Un secolo fa, dal 7 al 13 giugno 1914, l'Italia fu scossa da un evento insurrezionale che venne chiamato Settimana rossa. L'avvocato, repubblicano, riminese, Oreste Cavallari diede questa versione di quegli avvenimenti in città.
Dal 7 al 13 giugno 1914 l'Italia fu in subbuglio. Pietro Nenni, Errico Malatesta e Benito Mussolini, il repubblicano, l'anarchico e il socialista, volevano romperla definitivamente con l'Italia di Giolitti e di Salandra, un'Italia che disprezzavano dal profondo del cuore. I tre si erano visti a Rimini ove nell'albergo Cavour in piazza avevano concertato e la domenica 7 giugno, in occasione della festa dello Statuto, ad Ancona ci fu la prima fiammata.
Proibita una manifestazione antimilitarista al mattino, nel pomeriggio vi fu un comizio di protesta. Parlano Pietro Nenni ed Errico Malatesta. I due si danno a sciabolare contro tutto e tutti. Se la prendono soprattutto contro i processi per diserzione e contro le compagnie di disciplina. La folla è eccitata. I carabinieri la stringono. Parte un colpo, un altro e, alla fine, si contano i morti, tre. Immediatamente viene proclamato lo sciopero generale in tutta Italia ma attacca solo in Romagna perché altrove, dopo qualche fiammata, si spegne.
È, insomma, la settimana rossa. I dimostranti se la prendono con le ferrovie, con le chiese, con il dazio. A Cesena e a Ravenna proclamano la repubblica. È una settimana di orgia parolaia. Lascia, però, il segno proprio su chi la promosse: Nenni, Malatesta e soprattutto su Mussolini.
A Rimini le cose si tennero al meno peggio. I dimostranti se la presero contro due guardie di PS, poi con un passante che durante un comizio in piazza se ne stava a curiosare, contro la farmacia Duprè che ebbe i vetri rotti. A sera, per precauzione, si tenne la città al buio. Il mercoledì cominciò lo sciopero ferroviario. I dimostranti incendiarono il ponte sull'Ausa, le vetture, i pali telegrafici, distrussero i fanali della Stazione, tentarono di bruciare la porta del Duomo e fecero scoppiare una bomba nelle vicinanze del Seminario. Presero poi d'assalto il negozio dell'armaiolo Fava e la manifattura Santarelli, spargendo terrore fra tutti i negozianti.

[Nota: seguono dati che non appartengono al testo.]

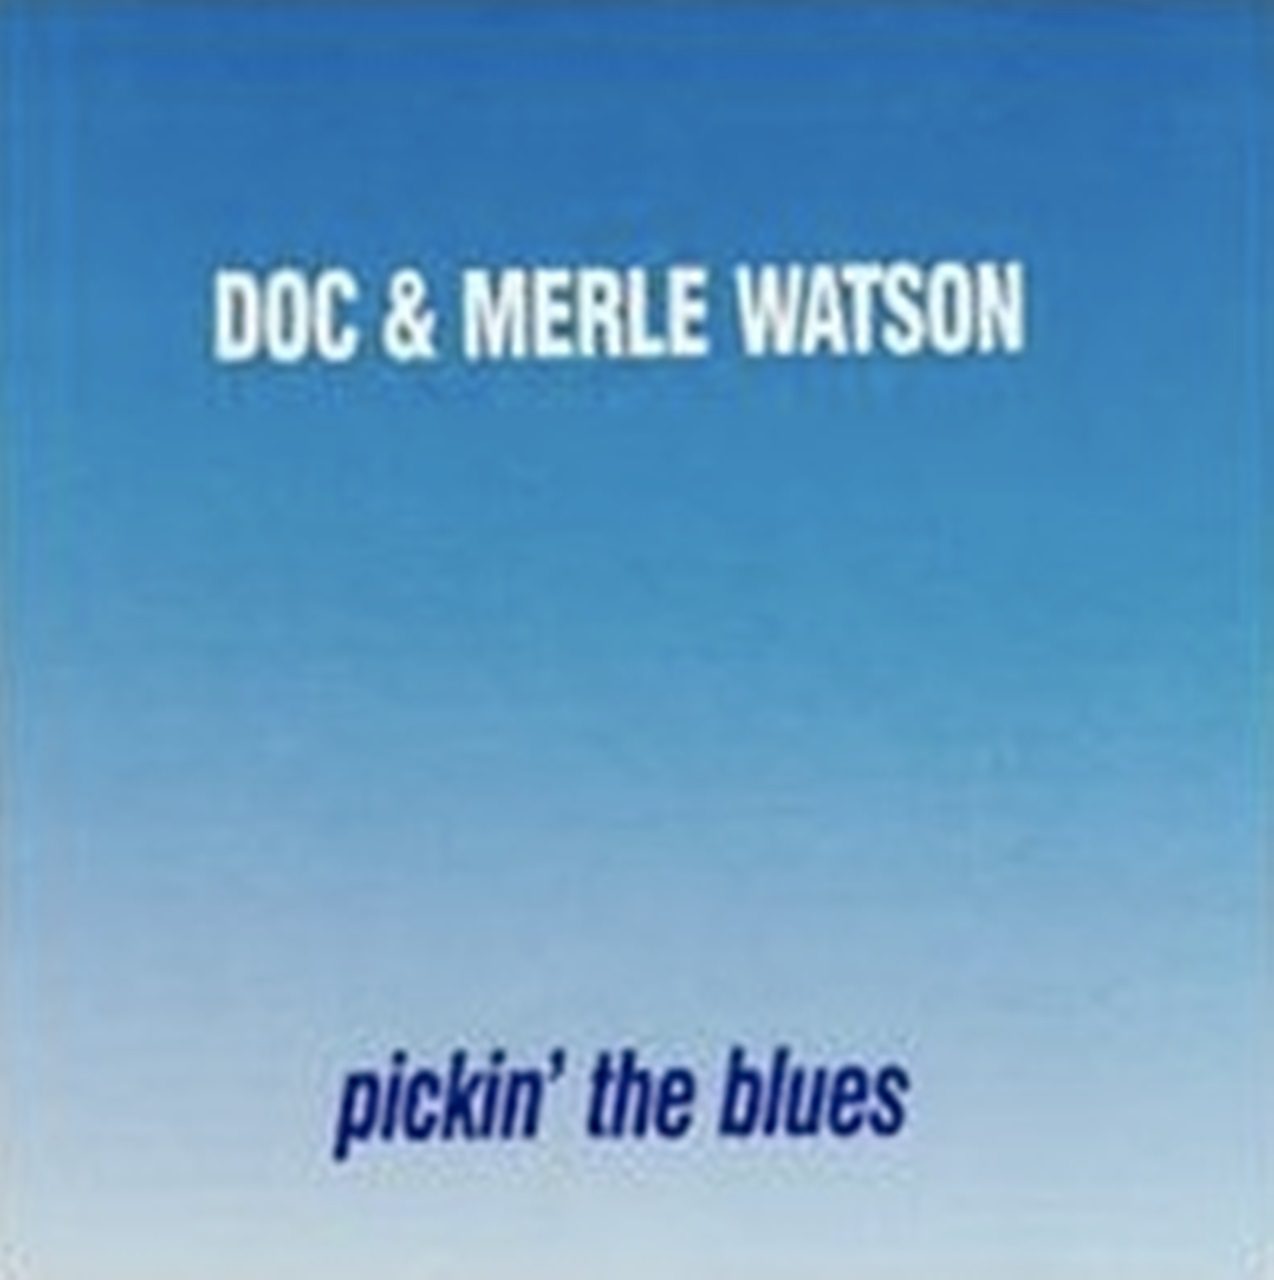 Doc & Merle Watson – Pickin' The Blues cover album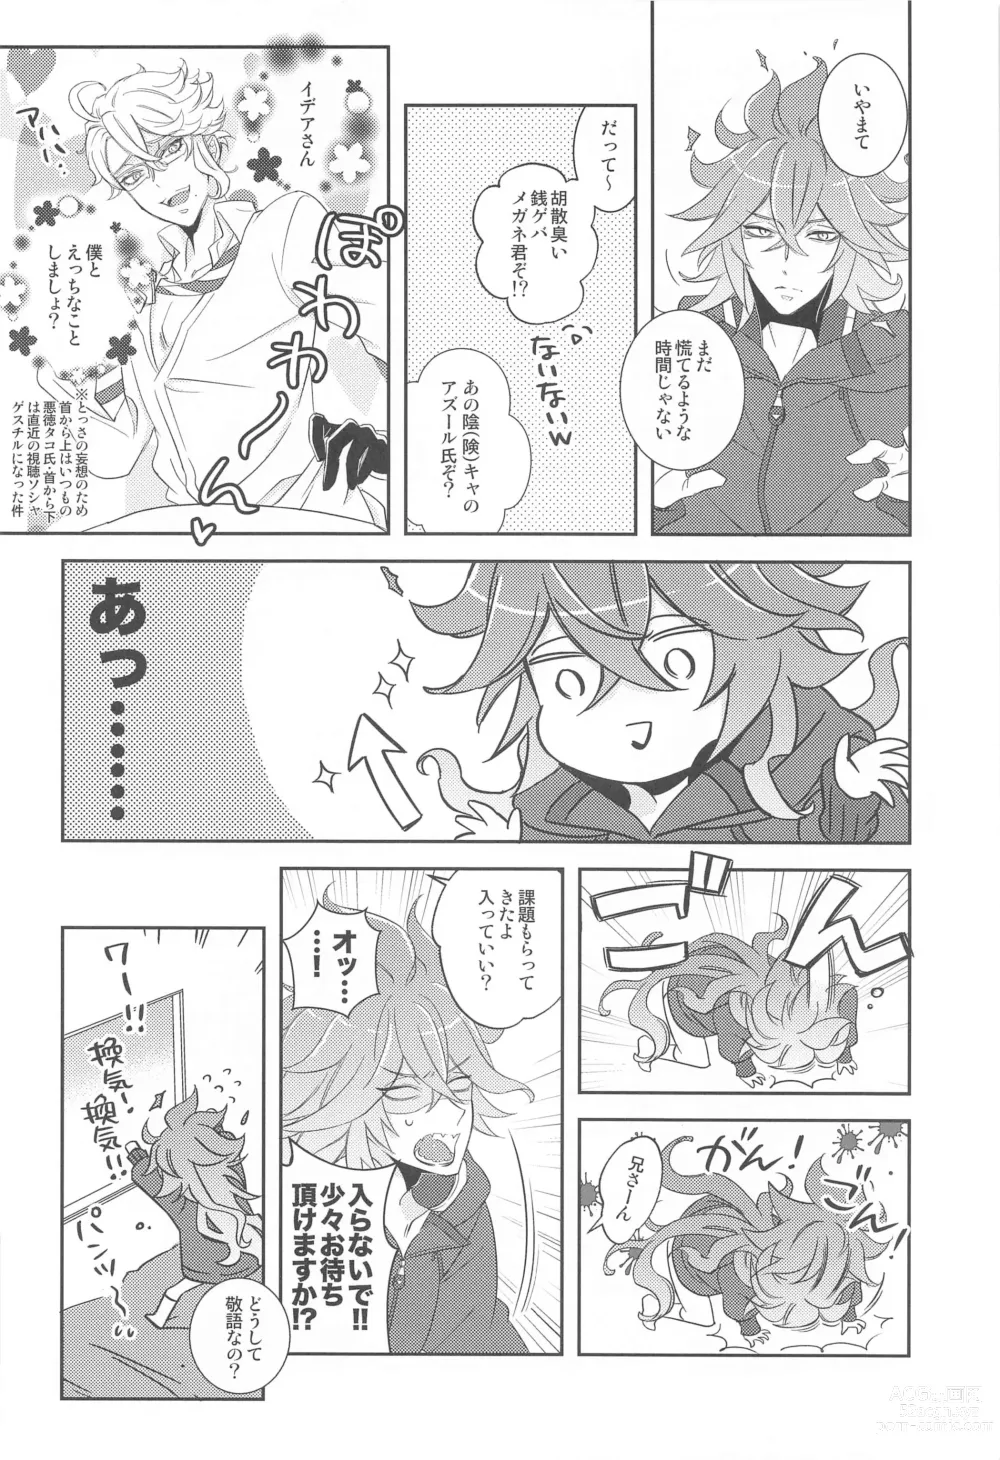 Page 13 of doujinshi Tail!

Tennero la città in loro balìa. Carabinieri e agenti di PS erano presi a sberleffi e fischi. Ferirono un carabiniere nel borgo San Giuliano. Fu dato fuoco alla porticina del Tempio Malatestiano, fu tentato di incendiare il Tempietto di Sant'Antonio, la cancelleria vescovile e la porta del Municipio e, alla fine, attaccarono gli uffici del dazio, bruciando registri, bollette e prendendo fucili e carabine. Insomma anche a Rimini fu repubblica.
La forza pubblica si tenne per quanto possibile in disparte per non aggravare la situazione. Nessun riminese uscì di casa, nessuno aprì negozi e botteghe. Tutti temevano il peggio da quella massa di scamiciati vogliosi di barricate. Quando seppero della cessazione dello sciopero, i dimostranti non ci credettero e se la presero con il Governo reo d'avere inventato, a loro dire, la falsa notizia. Verità dicasi che la rivoluzione era, per così dire, una rivoluzione all'italiana, senza capo ne coda ne uno che la guidasse a un risultato concreto. In sostanza, la settimana rossa fu a Rimini un insuccesso.